How to Serve Healthy Chickpea Tuna Salad Recipe

Healthy Chickpea Tuna Salad Recipe - Serving

Garnishes

I love topping this salad with a few extra fresh parsley leaves or a sprinkle of cracked black pepper to brighten up every bite. Sometimes I add a few lemon zest shavings too for an extra citrus punch—it’s an easy trick I discovered that instantly perks up the flavors.

Side Dishes

This salad pairs beautifully with some warm pita bread or crunchy whole-grain crackers. When I make it for dinner, I’ll often serve it alongside roasted veggies or a simple green salad dressed with lemon and olive oil to keep things light and refreshing.

Creative Ways to Present

For a fun twist during gatherings, I like to stuff this salad into mini bell pepper halves or hollowed-out tomatoes—makes a colorful, appealing appetizer. It also works perfectly as a filling for wraps or layered in a mason jar salad for lunches on the go. Presentation really lifts the experience and invites your guests to dig in!

Make Ahead and Storage

Storing Leftovers

Leftovers keep really well in an airtight container in the fridge for up to 3 days. You might notice the salad softens a bit after sitting, but I’ve learned that a quick squeeze of fresh lemon juice and an extra pinch of parsley refreshes the flavors beautifully. Just give it a gentle stir before serving again.

Freezing

I typically don’t freeze this salad because the fresh veggies and yogurt dressing don’t hold up well after thawing—they turn watery and lose their crispness. But you could freeze the chickpeas and tuna separately if you want to prep components ahead of time.

Reheating

This salad is best served cold or at room temperature, so no reheating needed. If you prefer, take it out of the fridge 15–20 minutes before eating so the flavors mellow and the olive oil shines through.

FAQs

  1. Can I use dried chickpeas instead of canned for this Healthy Chickpea Tuna Salad Recipe?

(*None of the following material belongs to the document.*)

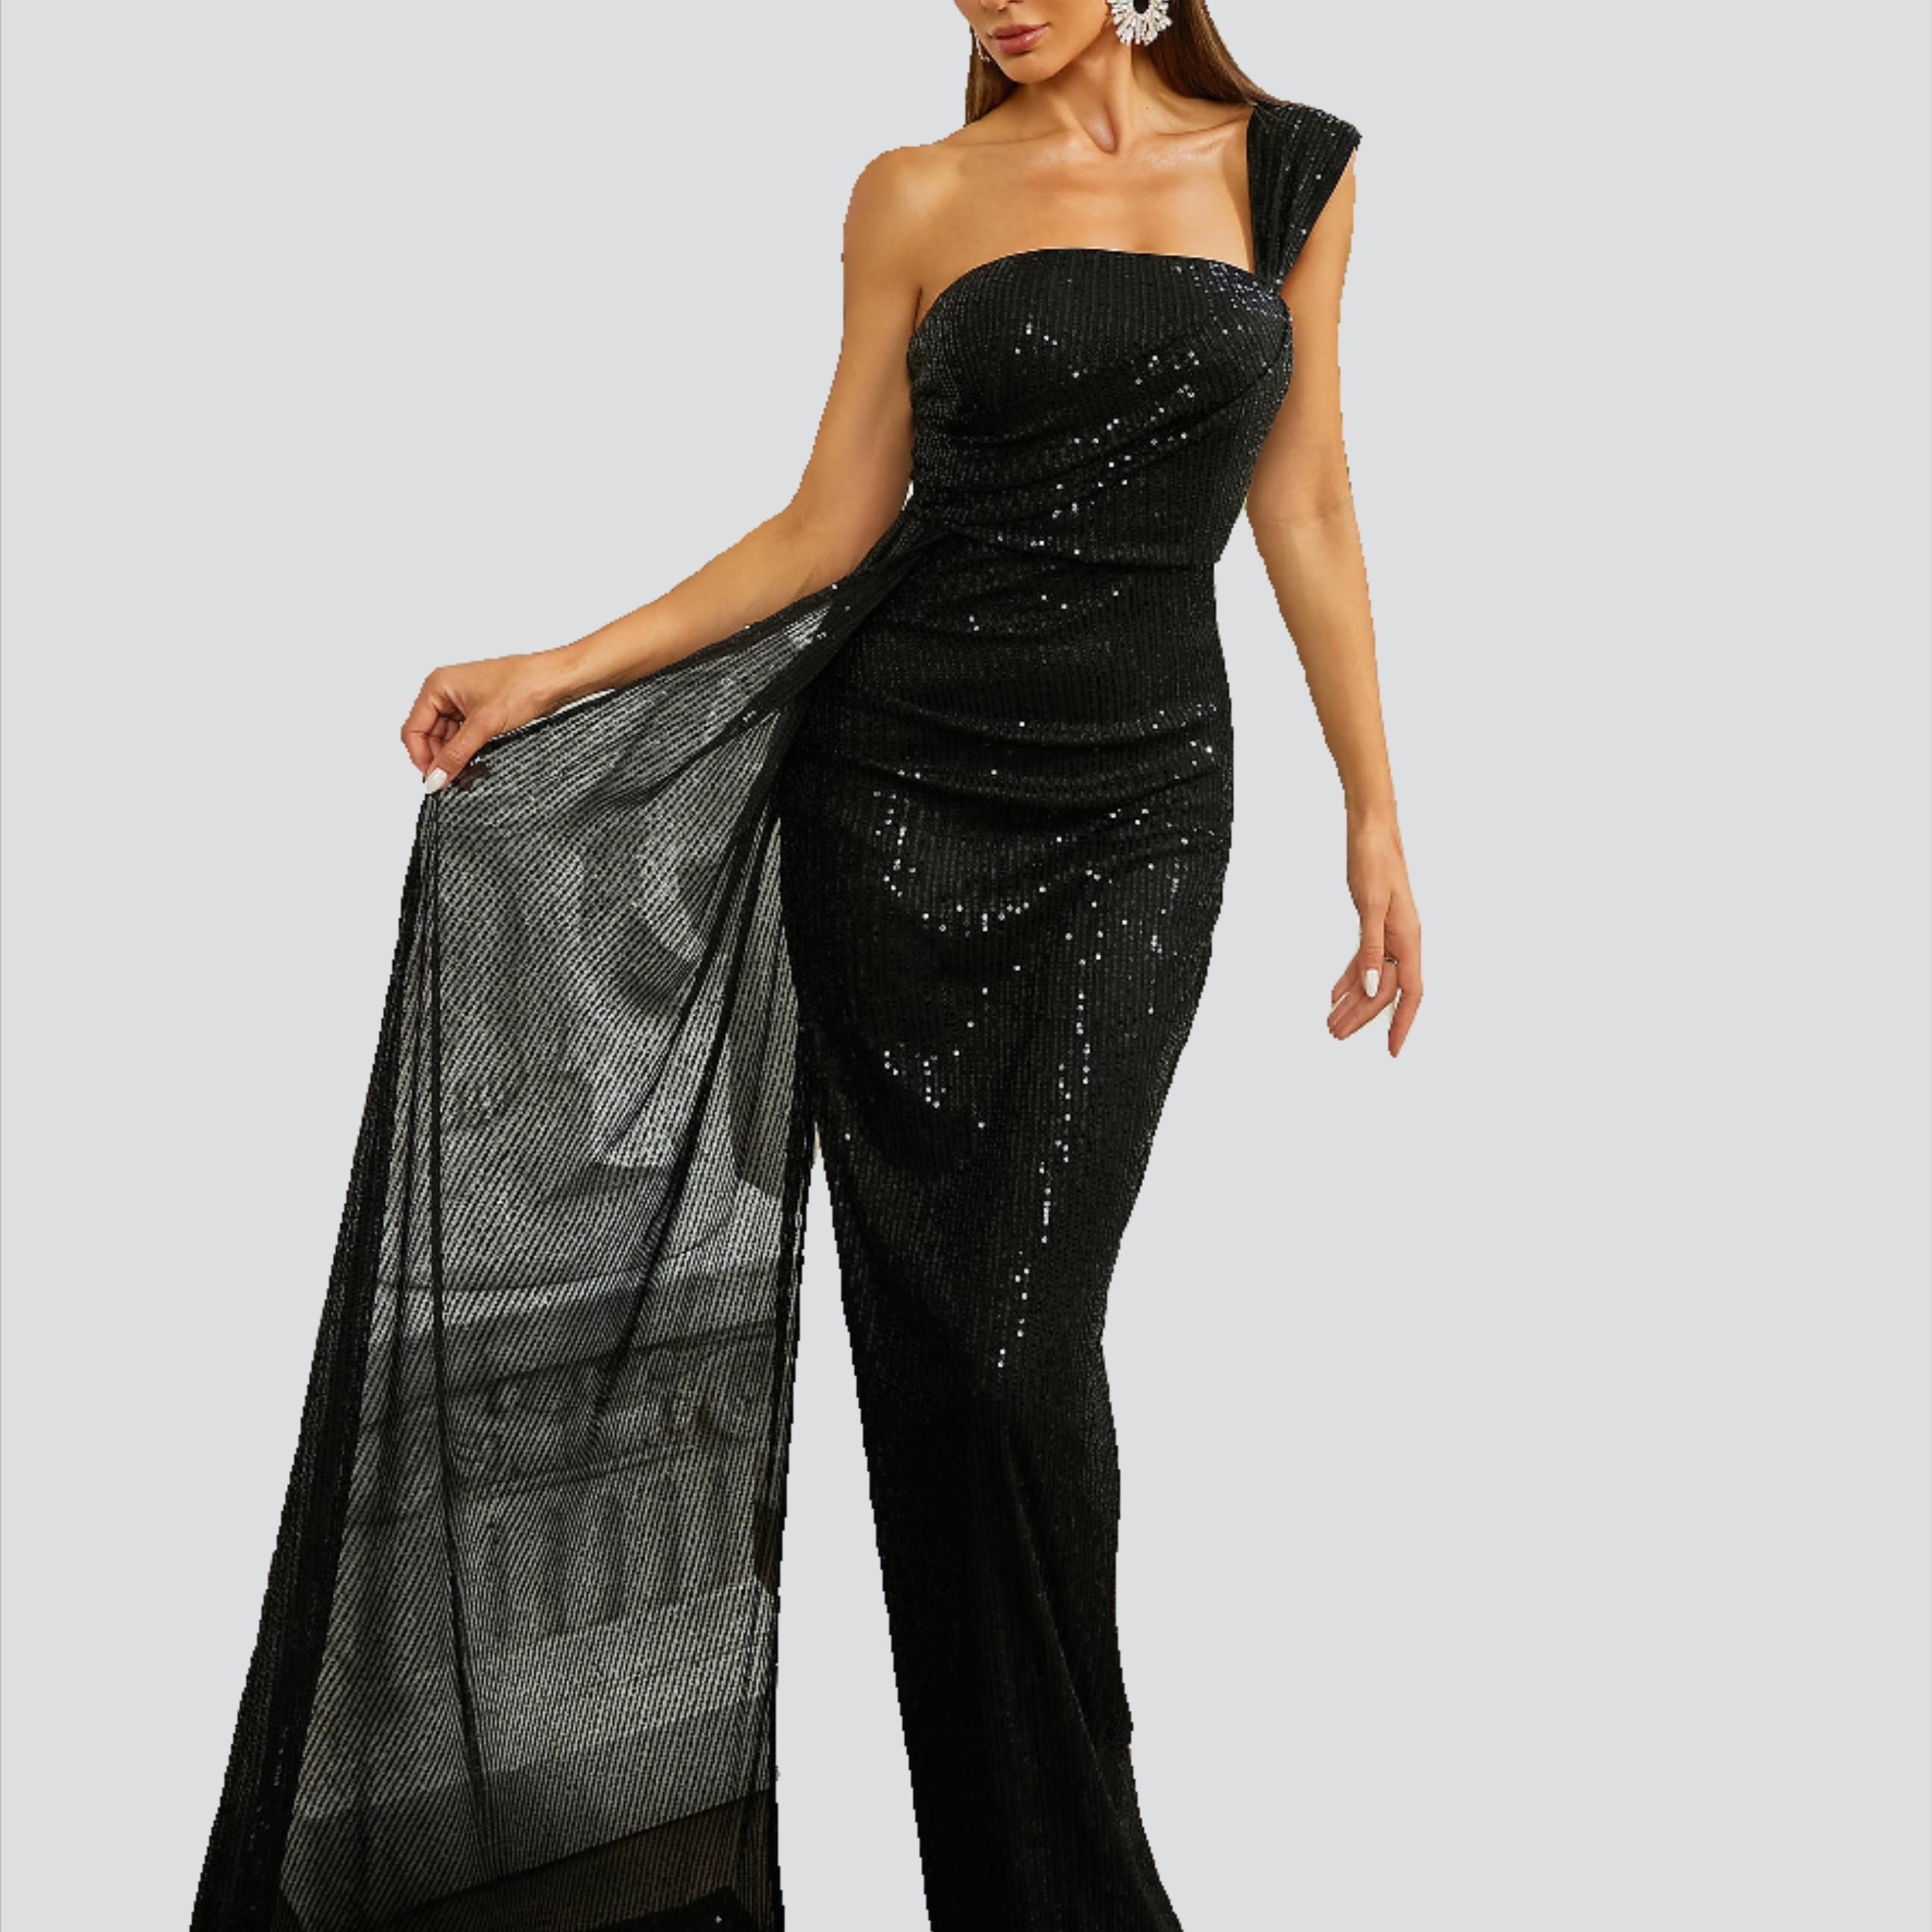 One Shoulder Split Sleeveless Sequin Black Dress

    Absolutely! Just make sure to soak and cook them until tender before using. Using dried chickpeas takes longer but can add a fresh homemade touch. Just be sure they’re cooled completely before mixing into the salad.

  2. Is this salad suitable for meal prep?

    Yes! It holds up well in the fridge for a couple of days, making it perfect for meal prep. Just keep the feta cheese separate if you want it to stay crumbly until serving.

  3. Can I make this recipe vegan or vegetarian?

    You can! Replace tuna with chickpeas or mashed white beans, and swap Greek yogurt and feta for plant-based alternatives. You’ll still get a tasty, protein-rich salad.

  4. How can I add more flavor to my Healthy Chickpea Tuna Salad Recipe?

    Try adding fresh herbs like dill or basil, a splash of balsamic vinegar, or a sprinkle of smoked paprika. Roasting the chickpeas lightly before mixing can also add a toasty depth to the dish.

Final Thoughts

When I first tried this Healthy Chickpea Tuna Salad Recipe, I immediately appreciated how easy it was to throw together something so balanced and flavorful without hours in the kitchen. My family goes crazy for it, and honestly, I keep coming back because it’s nourishing and satisfying without feeling heavy. If you want a recipe that’s quick, wholesome, and flexible enough to become your go-to lunch or dinner, give this one a try—you won’t regret it!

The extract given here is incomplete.